Are These Projectile Formulas Effective for Calculating Object Trajectories?

[Radiatedtheory18]

i found these 2 formulas on a website and it says these are projectile motion formulas both horizontal motion and vertical motion.

HORIZONTAL MOTION
x₂ = x₁ + V_x1t


VERTICAL MOTION
Y₂ = Y₁+ V_y1t - 0.5gt²

in terms of physics do these formulas work out things that are fired from e.g. a gun etc.? i was thinking that are these formulas to work out the angle and velocity of the moving object?

any help would be apprecated

 

[enigma]

These are the formulas to determine position (x2,y2) as a function of initial position (x1,y1), initial velocity (Vx,Vy), time (t), and gravity (g).

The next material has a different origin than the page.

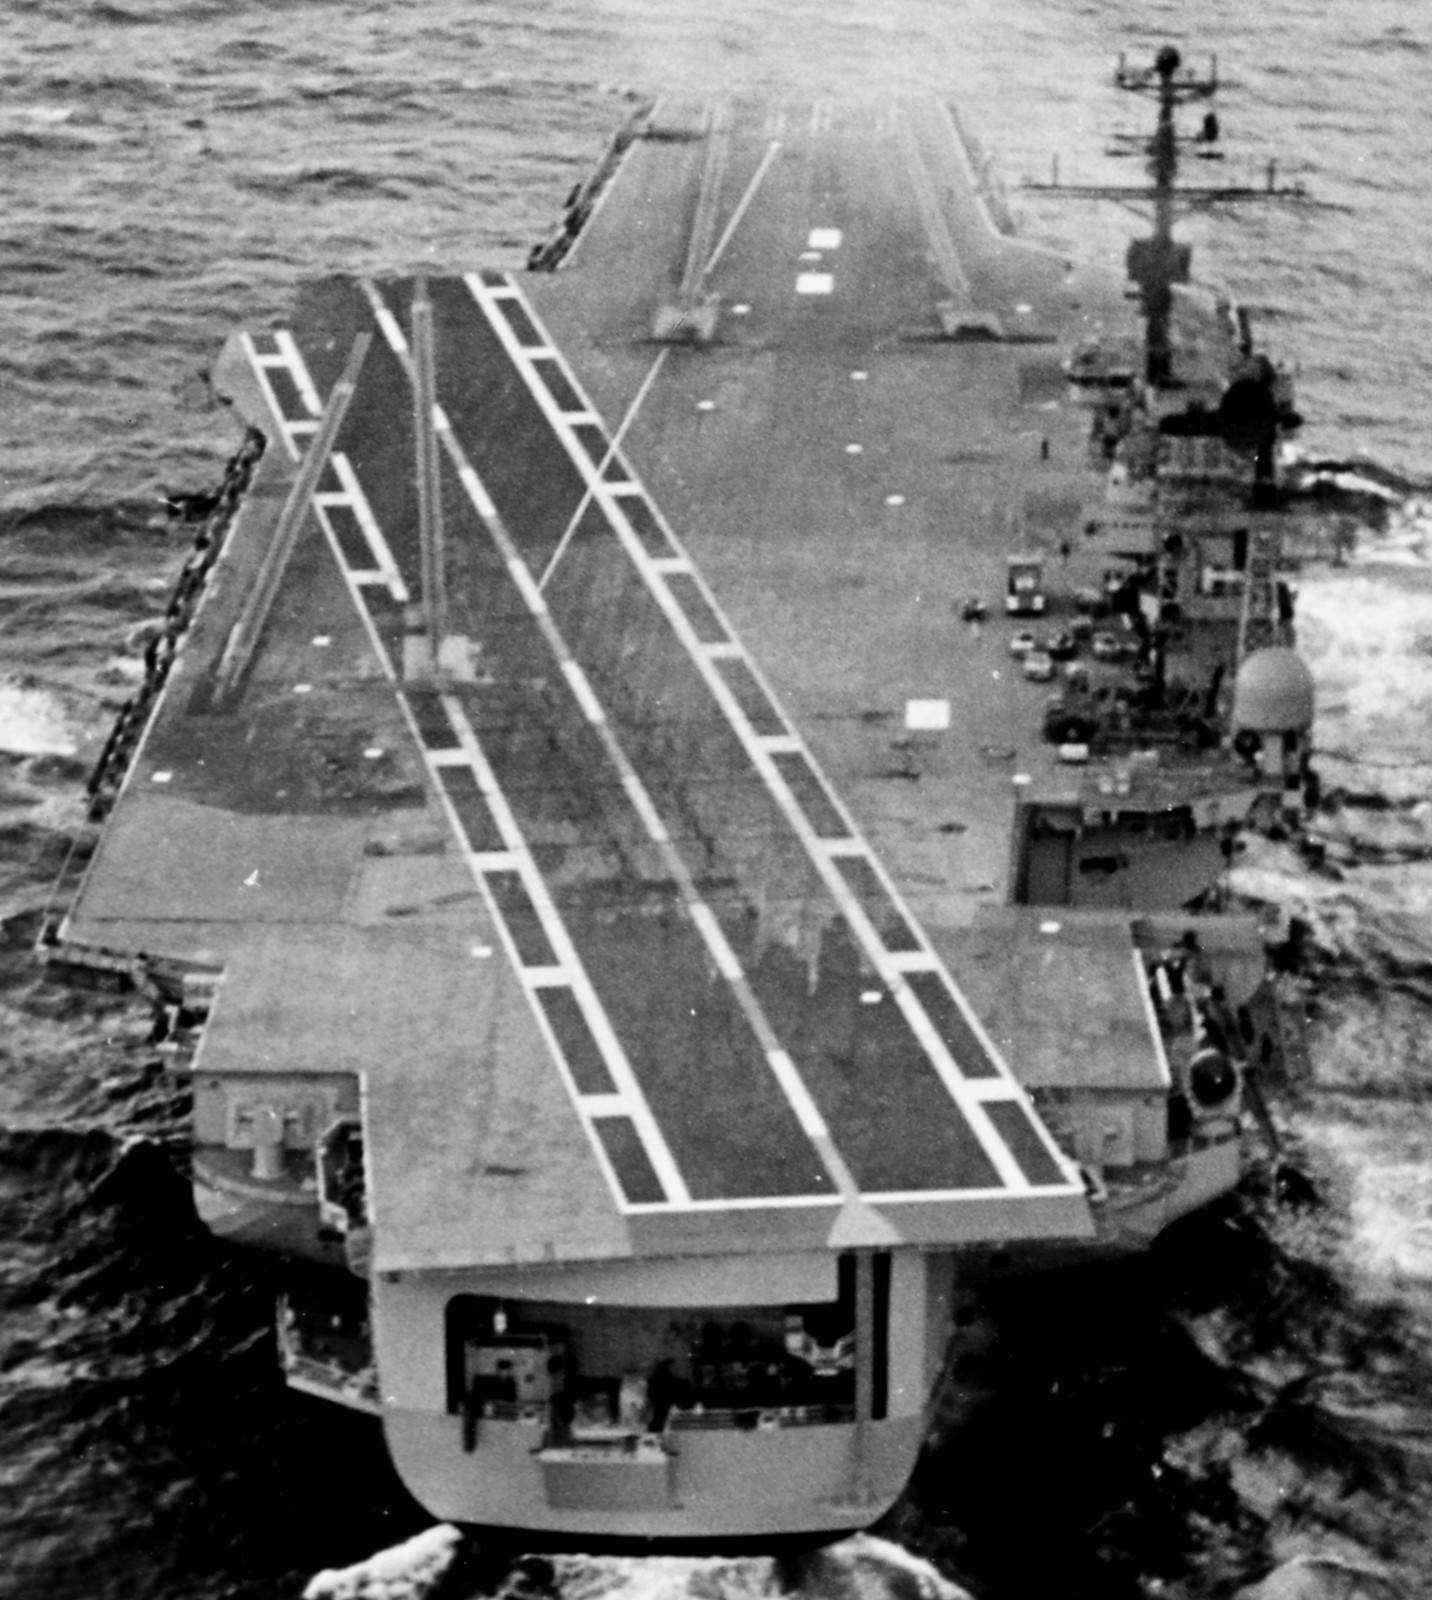 cv-66 uss america kitty hawk class aircraft carrier us navy 13

The angle the thing is launched at is just atan(Vy/Vx).

 

[arcnets]

Yes they do. But only if you neglect for friction.
As for velocity:
Velocity in x: Vx = dX2/dt
Velocity in y: Vy = dY2/dt
Absolute velocity: V = sqrt(Vx^2 + Vy^2)
As for angle (WRT x-axis):
tan (alpha) = Vy/Vx.

 

[Will]

Whoa arcnets! Going differential equations style! Slick Maybe I might understand the calculus of kinematics better after this semester.Anyway:

The horizontal component of the projectile is constant in this idealized situation. The vertical component changes due the acceleration of gravity, and its horizontal position is exactly analogous to an object thrown directly up at with velocity Vy1 from an initial height y1. Like arcnets said ,the total initial V is (Vx^2+Vy^2)^.5 and theta initial equals arctan(Vy1/Vy2x).Think of the components forming the two perpendicular sides of a right triangle with hypotenuse V total making angle theta with the horizontal. A convenient way of expressing these two equations and the ones you provided:

HORIZONTAL MOTION
x2 = x1 + Vx1t = x(t) =x1 + cos(theta)+Vx1t

and

VERTICAL MOTION
Y2 = Y1+ Vy1t - 0.5gt2 = y(t) =y1 +sinVy1 - 0.5gt^2


These idealized equations are the foundation, but in practical applications such as missle deployment, factors such as wind, air density, temperature are to greate to be ignored.

 

[Alexander]

All projectile equations are derived from fact that projectile is in free fall, so its acceleration is always a=g.

Integrate this equation over time once: v(t)=gt+v0, twice: r(t)=gt^2/2+v0t+r0

Projecting vectors in xyz directions yeilds all projectile equations in component form.